■ **Material for the task**
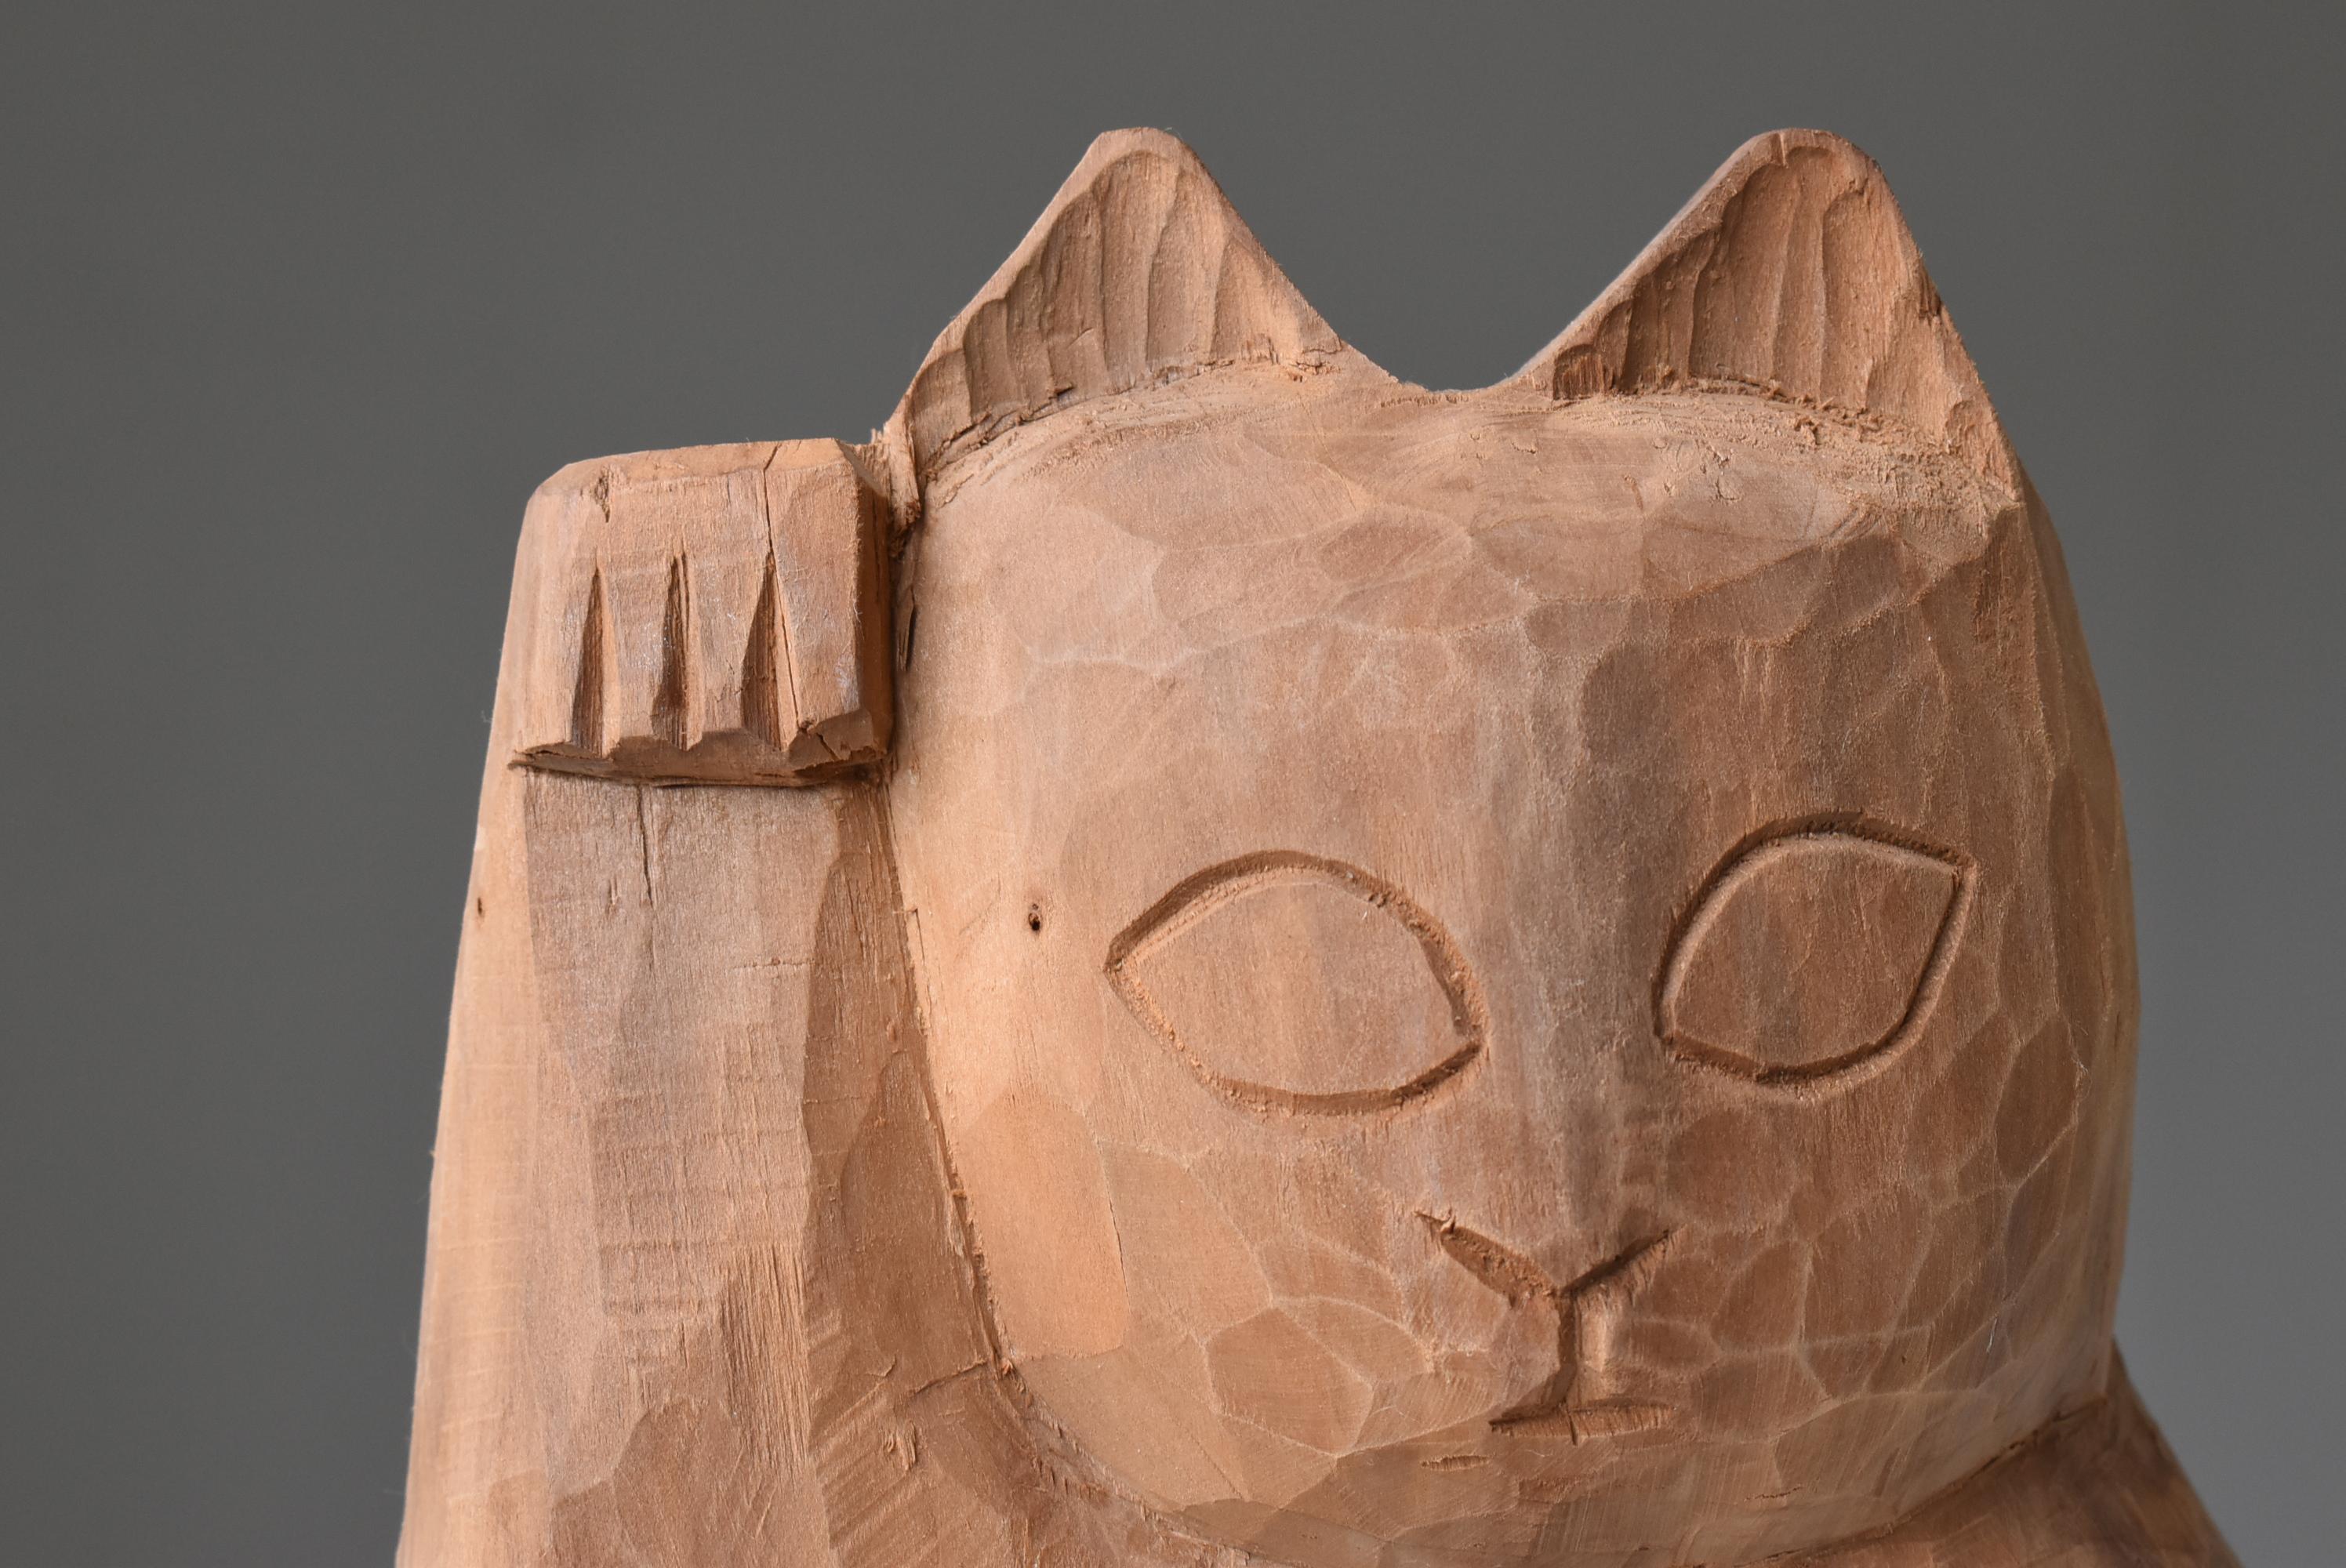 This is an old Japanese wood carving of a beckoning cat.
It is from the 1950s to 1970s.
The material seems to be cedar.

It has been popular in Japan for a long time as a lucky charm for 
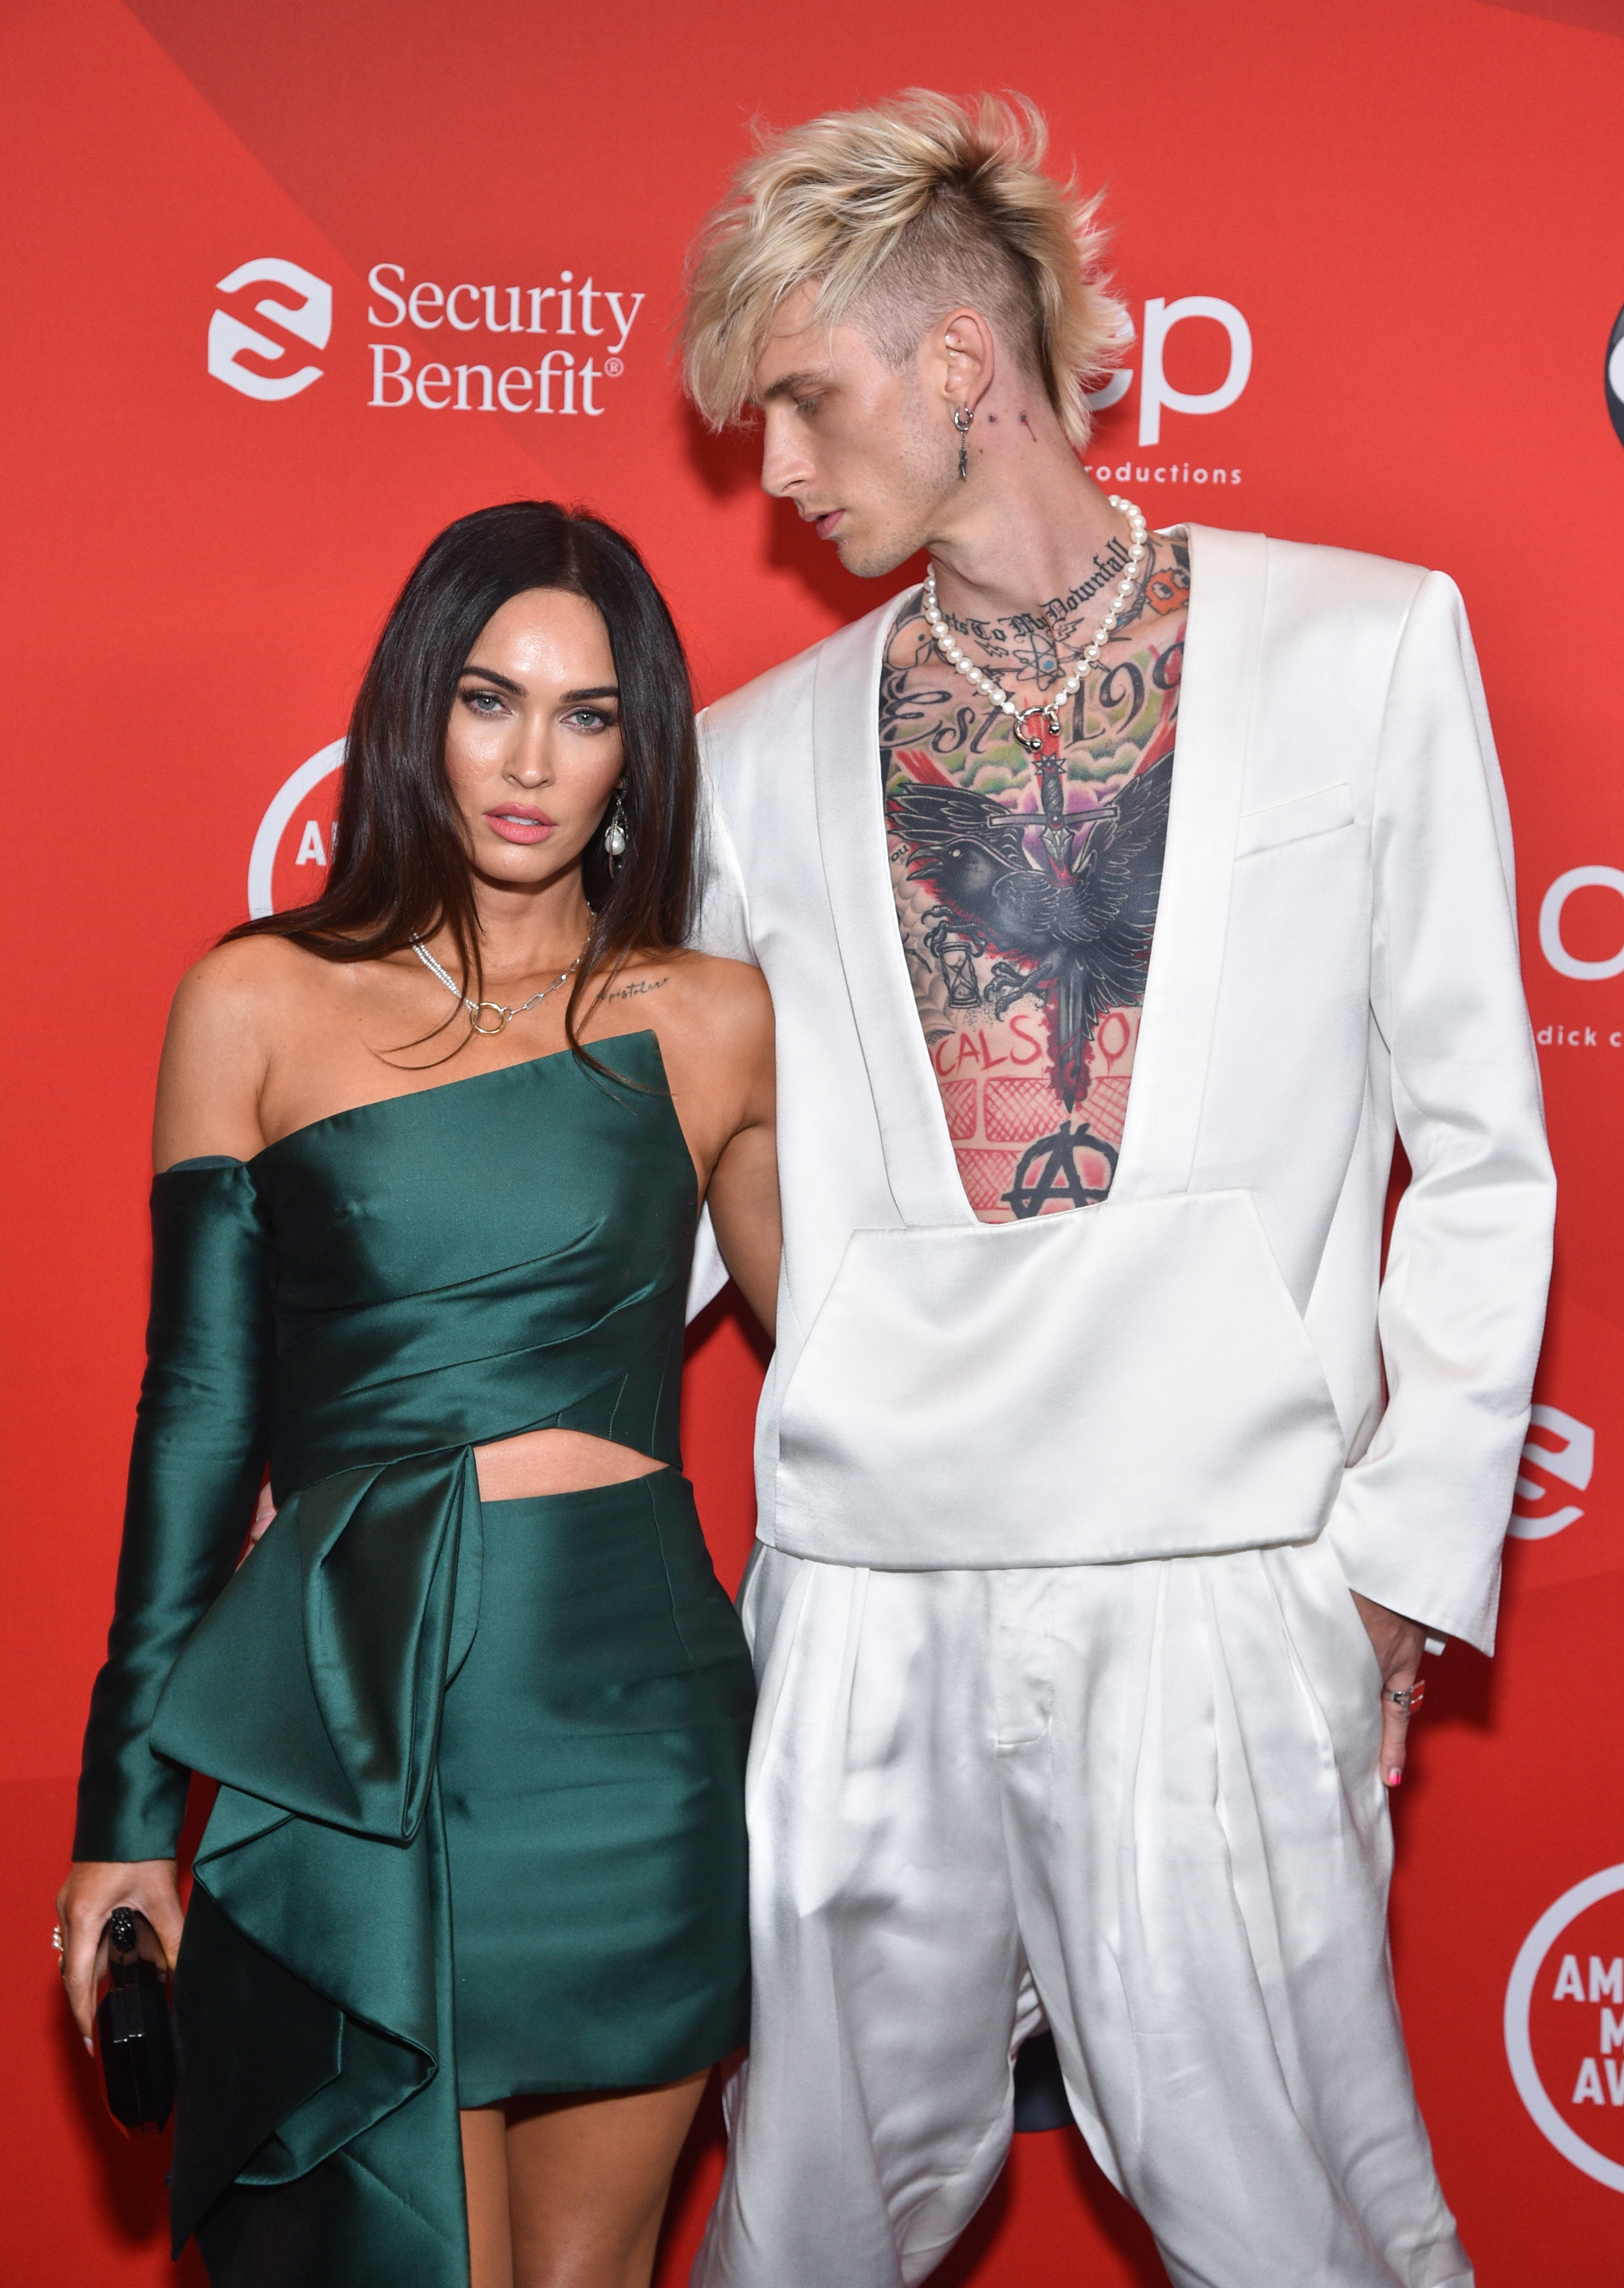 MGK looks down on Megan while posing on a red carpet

■ **To do**
Transcribe the records above exactly, skipping pictures.

■ **Written solution**
 This is an old Japanese wood carving of a beckoning cat.
It is from the 1950s to 1970s.
The material seems to be cedar.

It has been popular in Japan for a long time as a lucky charm for 
 MGK looks down on Megan while posing on a red carpet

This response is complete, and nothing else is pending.